Kalshi’s rise has also unfolded alongside escalating scrutiny over where prediction markets end and gambling begins, particularly as the industry pushes into sports. In late November, a federal judge in Nevada ruled that Kalshi must comply with Nevada gaming rules as it seeks to offer sports-related products, rejecting the company’s argument that it is regulated solely as a federally overseen exchange under the Commodity Exchange Act. Reuters reported the judge said Kalshi’s position misconstrued federal law and would undermine state and tribal authority over gaming, and that Kalshi was appealing.

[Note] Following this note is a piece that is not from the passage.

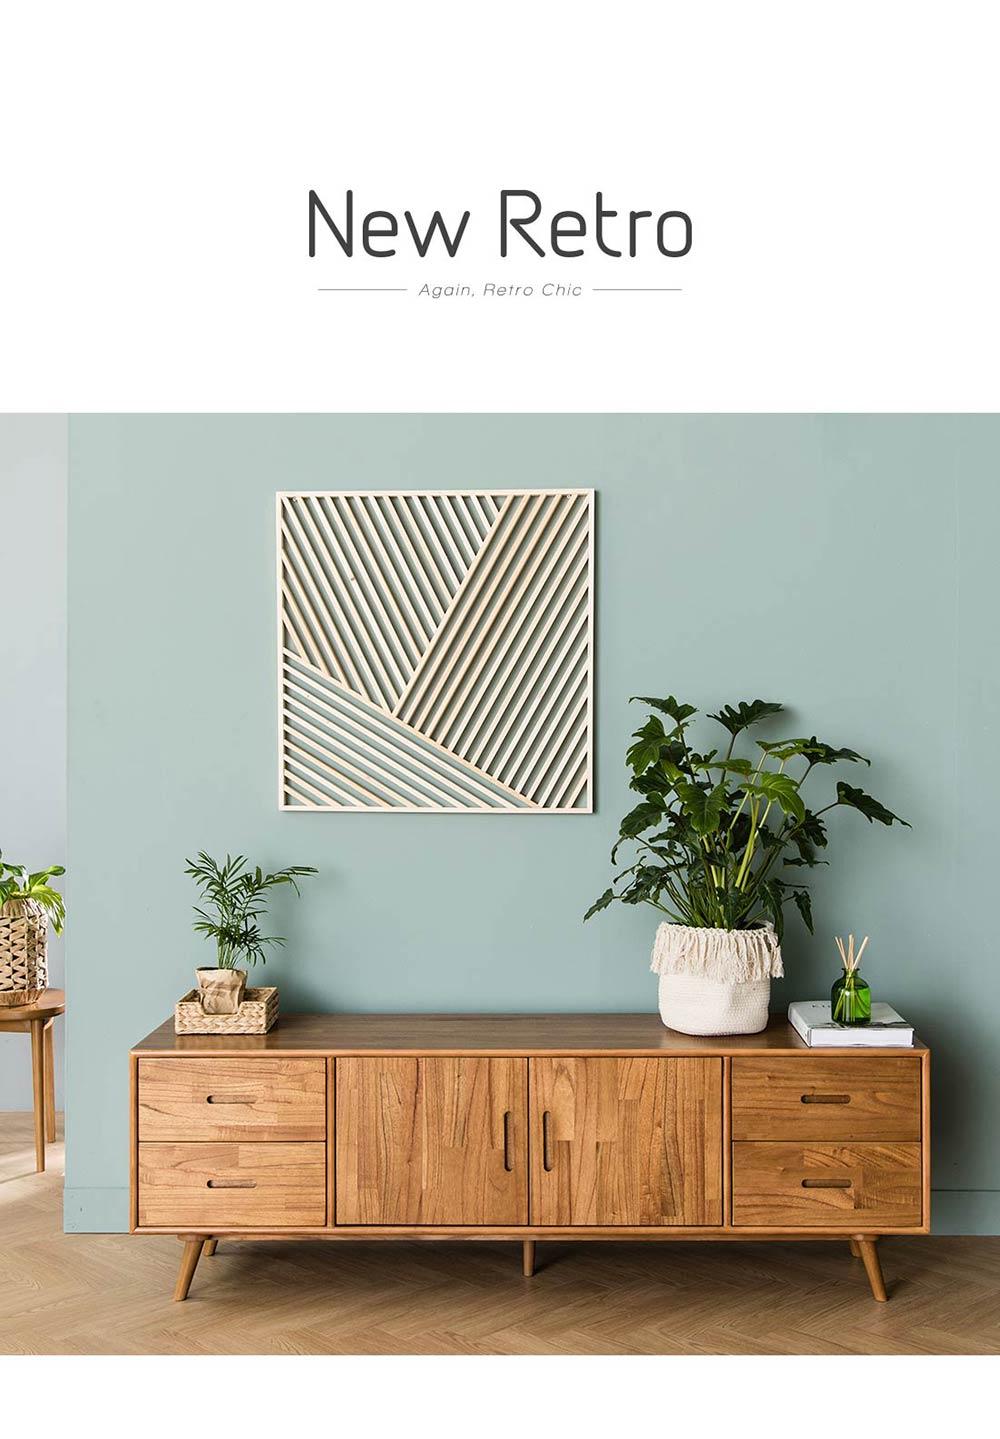 New_Retro_TV_Console_Scenery_1_Furniture_Online_Singapore_born_in_colour

The company has maintained that it operates under federal oversight and that its products are subject to integrity monitoring and customer checks. Separately, industry tension around sports-related contracts has widened into public disputes. The New York Post reported this month that the NCAA criticised Kalshi over potential contracts linked to the college transfer portal, with NCAA President Charlie Baker condemning the idea and warning it could increase pressure on student-athletes. Kalshi, the Post reported, said it operates under “strict federal oversight” with integrity and KYC systems.

Long before the latest sports-related battles, Kalshi’s defining regulatory fight involved political markets. In 2024, Kalshi challenged the Commodity Futures Trading Commission after the agency blocked the exchange from listing contracts tied to the outcome of congressional control in the November 2024 elections. A published federal appellate opinion describes the dispute as centred on whether such contracts amounted to “gaming or election gambling,” which the Commission said was prohibited, and whether the CFTC exceeded its authority in blocking the contracts. The case has been closely watched as a bellwether for how far regulated event markets can go in the United States.

Those legal fights form part of the narrative that investors and supporters cite when describing Kalshi as a company that took unusually high regulatory risk for a potential breakthrough market. People, citing Forbes, reported that the founders approached dozens of law firms early on and were turned away repeatedly, and quoted Lopes Lara describing the stakes: “Right out of college, we were taking on an insane amount of risk. It was two years without a single product,” she said, adding that without regulatory approval “the company would just go to zero.”

As Kalshi expanded, it also sought high-profile connections that could help it navigate both public attention and policymaking. In January 2025, Kalshi announced that Donald Trump Jr. was joining as a strategic adviser, calling it a milestone in its effort to bring prediction markets into the mainstream. Axios also reported the appointment, describing it as an adviser role tied to the company’s growing profile amid ongoing regulatory debates.

The broader prediction-markets boom has created a fast-moving leaderboard for young wealth, especially for founders whose net worth depends on venture valuations rather than public-market prices or cash distributions. In April 2025, LADbible reported on a separate shift in the “youngest self-made woman billionaire” label involving Lucy Guo of Scale AI, reflecting how the title has become a rolling headline driven by changes in estimated worth and valuations. By December, coverage including People said Lopes Lara had overtaken both Guo and Swift following Kalshi’s funding round.

Swift’s wealth, by contrast, has been tied to the commercial success of her music catalogue and touring. People’s report pointed to the Eras Tour as the major driver of her billionaire status, and noted that she had been surpassed amid the new round of paper wealth created by private-market valuations in technology and finance.

For Lopes Lara, the sudden jump from founder to billionaire has come with heightened public interest in a life that until recently was largely outside celebrity media. Profiles published this month have emphasised the unusual arc from elite ballet training to MIT and then to building a company at the intersection of finance, technology and regulation. MoneyWeek described Kalshi’s valuation as having surged after years of relatively modest fundraising, noting that outside investors had piled in as prediction markets grew in popularity and scale.

The next phase for both Lopes Lara and Kalshi may be determined less by venture capital appetite than by the durability of the company’s regulatory footing, especially as states and sports bodies challenge event contracts that resemble betting. At the same time, the industry’s trajectory suggests competition will intensify as large financial and technology platforms look for ways to offer prediction-style products to mass audiences, and as rivals such as Polymarket draw their own major capital and partnerships. With Kalshi now valued at $11 billion and its founders newly minted billionaires on paper, the company’s ability to defend its model in courts and regulators’ offices is likely to shape whether this moment becomes a lasting shift in American markets or a brief surge defined by a hot sector and an even hotter headline.